EAST結構分析+pytorch源碼實現

本文轉載自查看原文 2019-08-17 21:50 1580 論文閱讀

EAST結構分析+pytorch源碼實現

EAST結構分析+pytorch源碼實現

一. U-Net的前車之鑒

在介紹EAST網絡之前我們先介紹一下前面的幾個網絡，看看這個EAST網絡怎么來的？為什么來的？

當然這里的介紹僅僅是引出EAST而不是詳細的講解其他網絡，有需要的讀者可以去看看這三個優秀網絡。

1.1 FCN網絡結構

FCN網絡，在之前FCN從原理到代碼的理解已經詳細分析了，有需要的可以去看看，順便跑一跑代碼。

圖1-1

網絡的由來

不管是識別（傳統機器學習、CNN）還是檢測（SSD、YOLO等），都只是基於大塊的特征進行的，檢測之后都是以長方形去表示檢測結果，由於這是其算法內部回歸的結果導致，而且feature map經過卷積一直減小，如果強行進行256X256到512X512的插值，那么結果可以想象，邊界非常不好。

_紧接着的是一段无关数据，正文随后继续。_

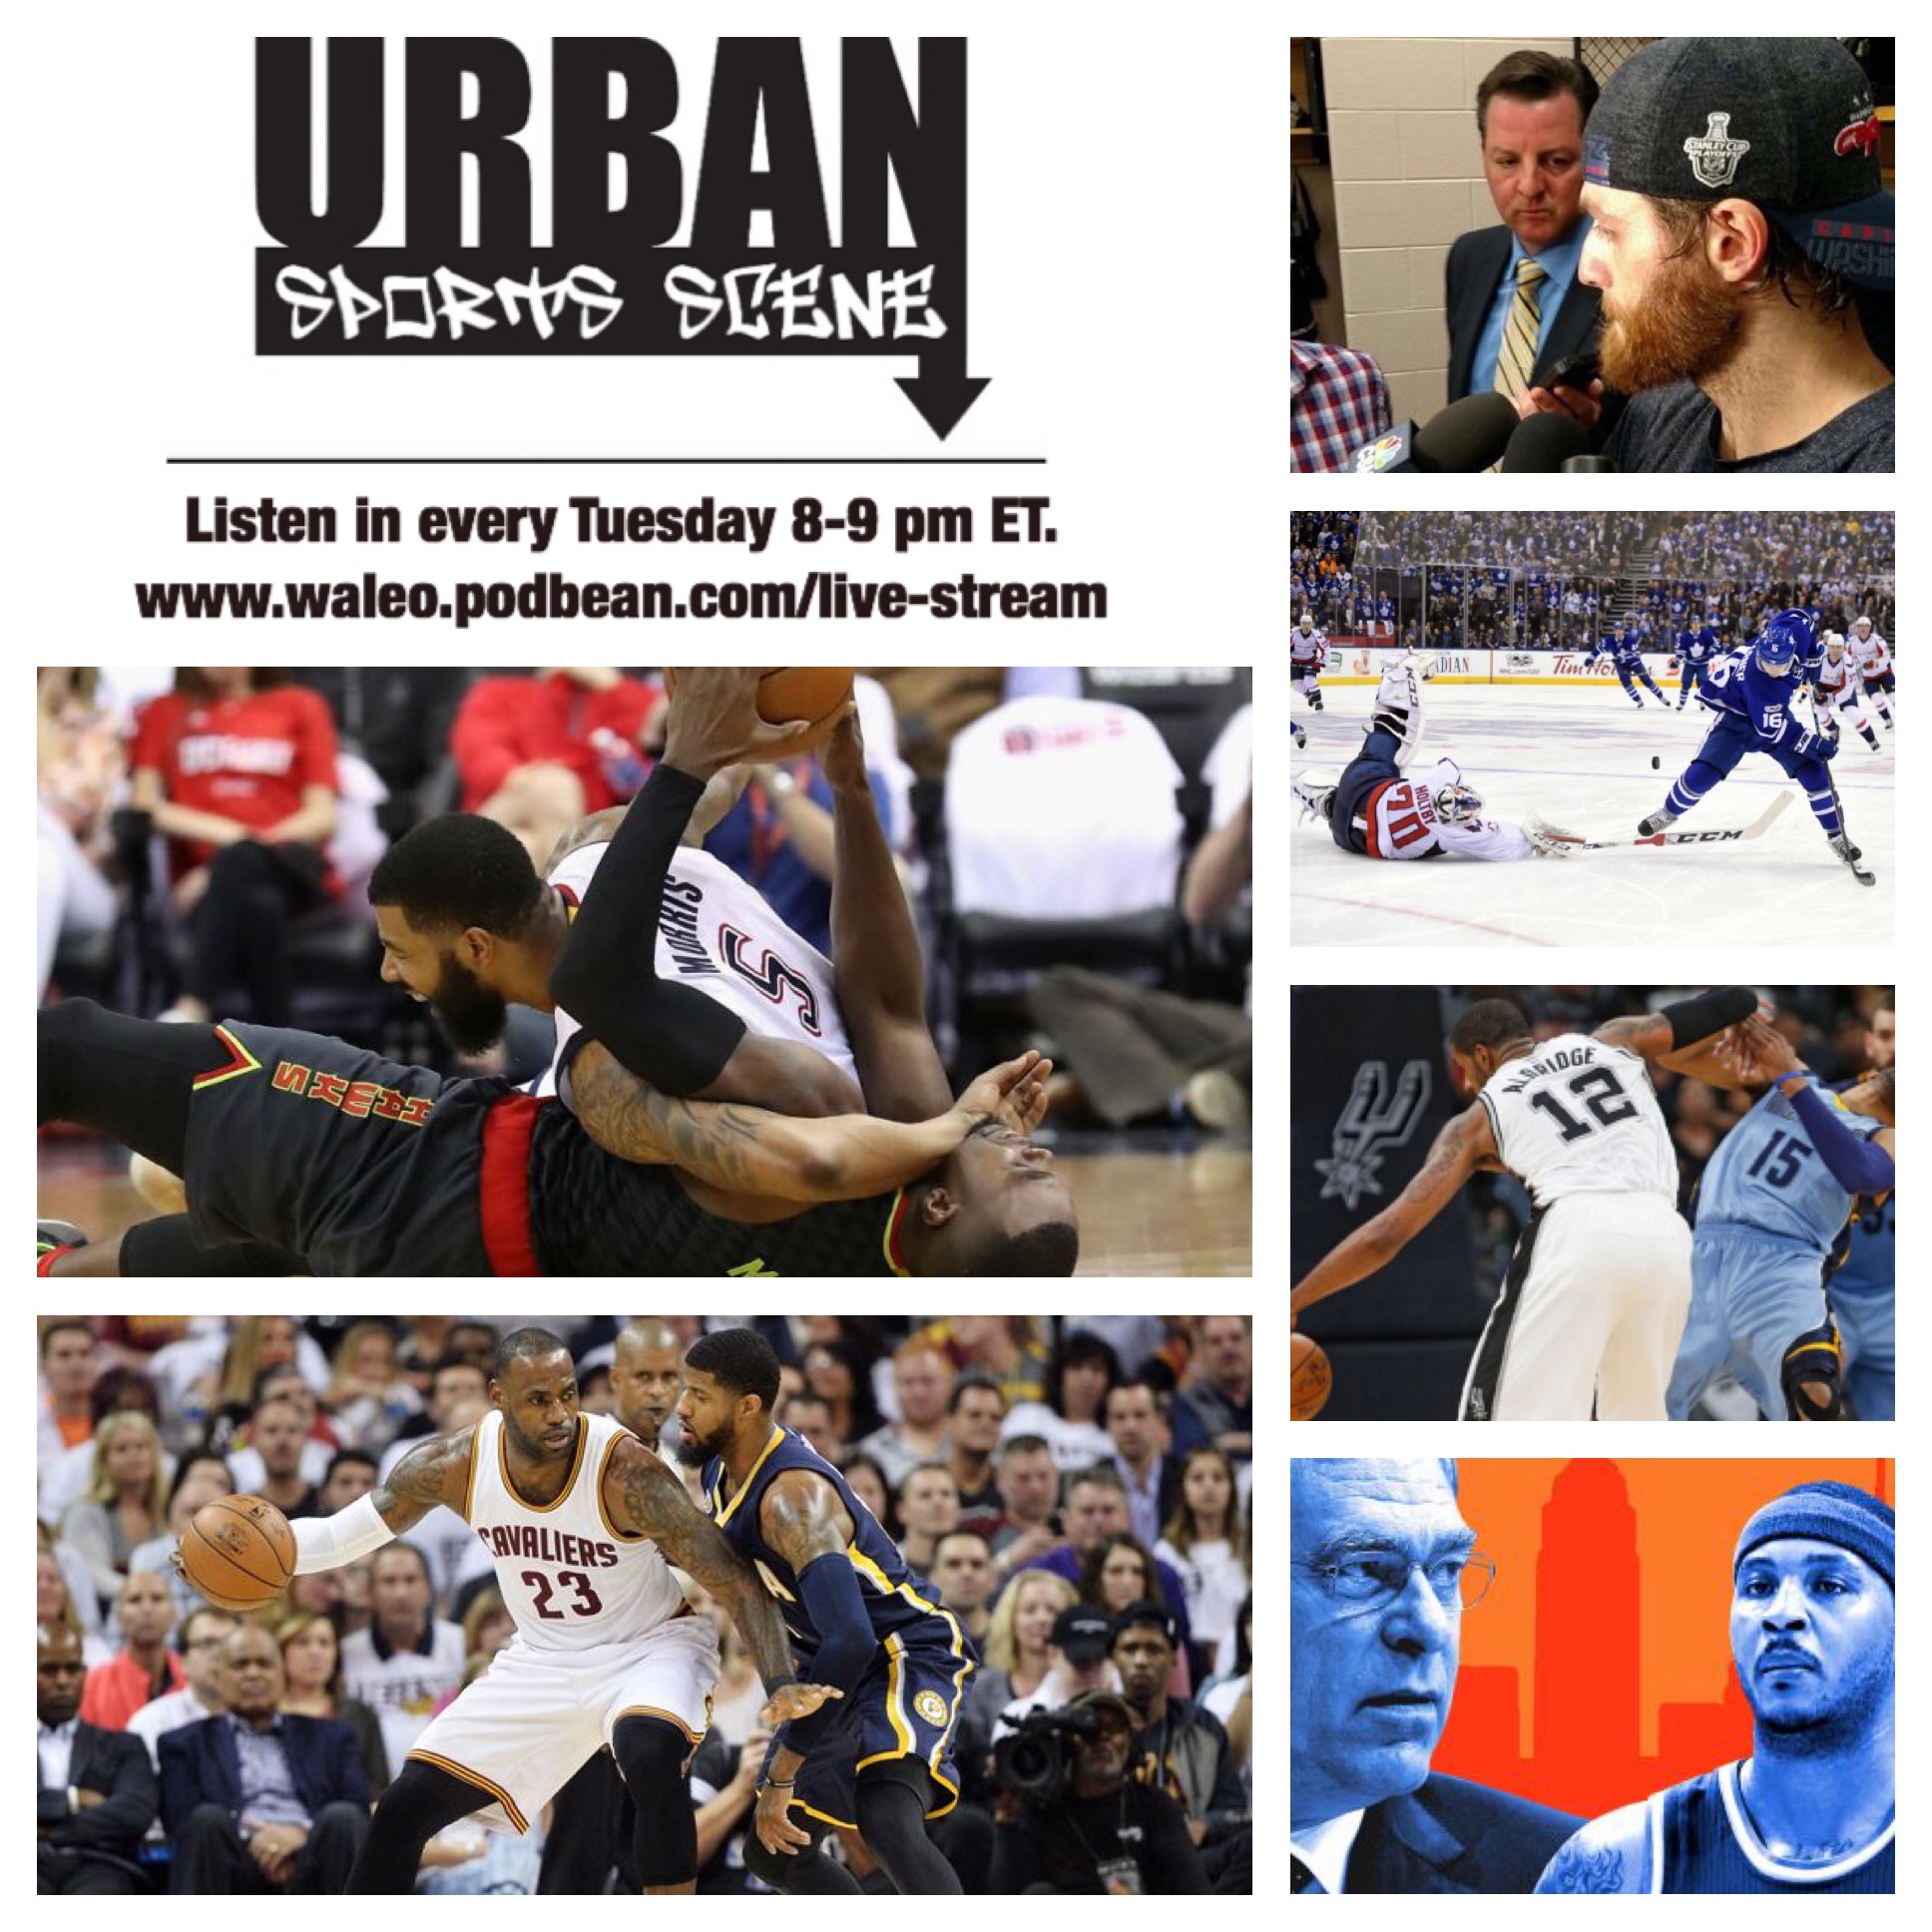 Urban Sports Scene Episode 287

那么如何實現圖1-1所示的結果呢？把每個像素都進行分割？

網絡的成果

FCN給出的方法是使用反卷積進行上采樣操作，使得經過CNN之后減小的圖能夠恢復大小。

當然作者還提出一個好方法，不同的feature map進行組合，使得感受野進行擴充。

注釋：筆者認為使用反卷積有兩個作用，其一是使得計算LOSS比較方便，標簽和結果可以直接進行計算。其二是可以進行參數的學習，更為智能化。

1.2 U-NET網絡

U-net網絡之前沒怎么看過，現在也僅僅是大概看了論文和相關資料，內部實現不是很了解。

圖1-2

網絡的由來

FCN完全可以做到基於像素點的分割，為什么還要這個U-net網絡啊？

FCN網絡檢測的效果還可以，但是其邊緣的處理就特別的差。雖然說多個層進行合並，但是合並的內容雜亂無章，導致最后的信息沒有完全得到。

總的來說FCN分割的效果不夠，精度也不夠。

網絡的成果

U-net提出了對稱的網絡結構，使得網絡參數的學習效果更好（為什么對稱網絡學習更好，這個理解不透，如果是結果再放大一倍使得不對稱不也一樣嗎？感覺還是網絡結構設計的好，而不是對稱）

不同feature map合並的方式更加優化，使得在邊緣分割（細節）上更加優秀。

網絡架構清晰明了，分割效果也很好，現在醫學圖像分割領域還能看見身影。

1.3 CTPN網絡

剛開始准備使用CTPN進行文本的檢測，所以看了一些相關資料，致命缺點是不能檢測帶角度文字和網絡比較復雜。

圖1-3

網絡的由來

文本檢測和其他檢測卻別很大，比如用SSD檢測文本就比較困難（邊緣檢測不好），如何針對文本進行檢測？

網絡的成果

CTPN網絡有很多創造的想法-->>

目標分割小塊，然后一一進行檢測，針對文本分割成height>width的方式，使得檢測的邊緣更為精確。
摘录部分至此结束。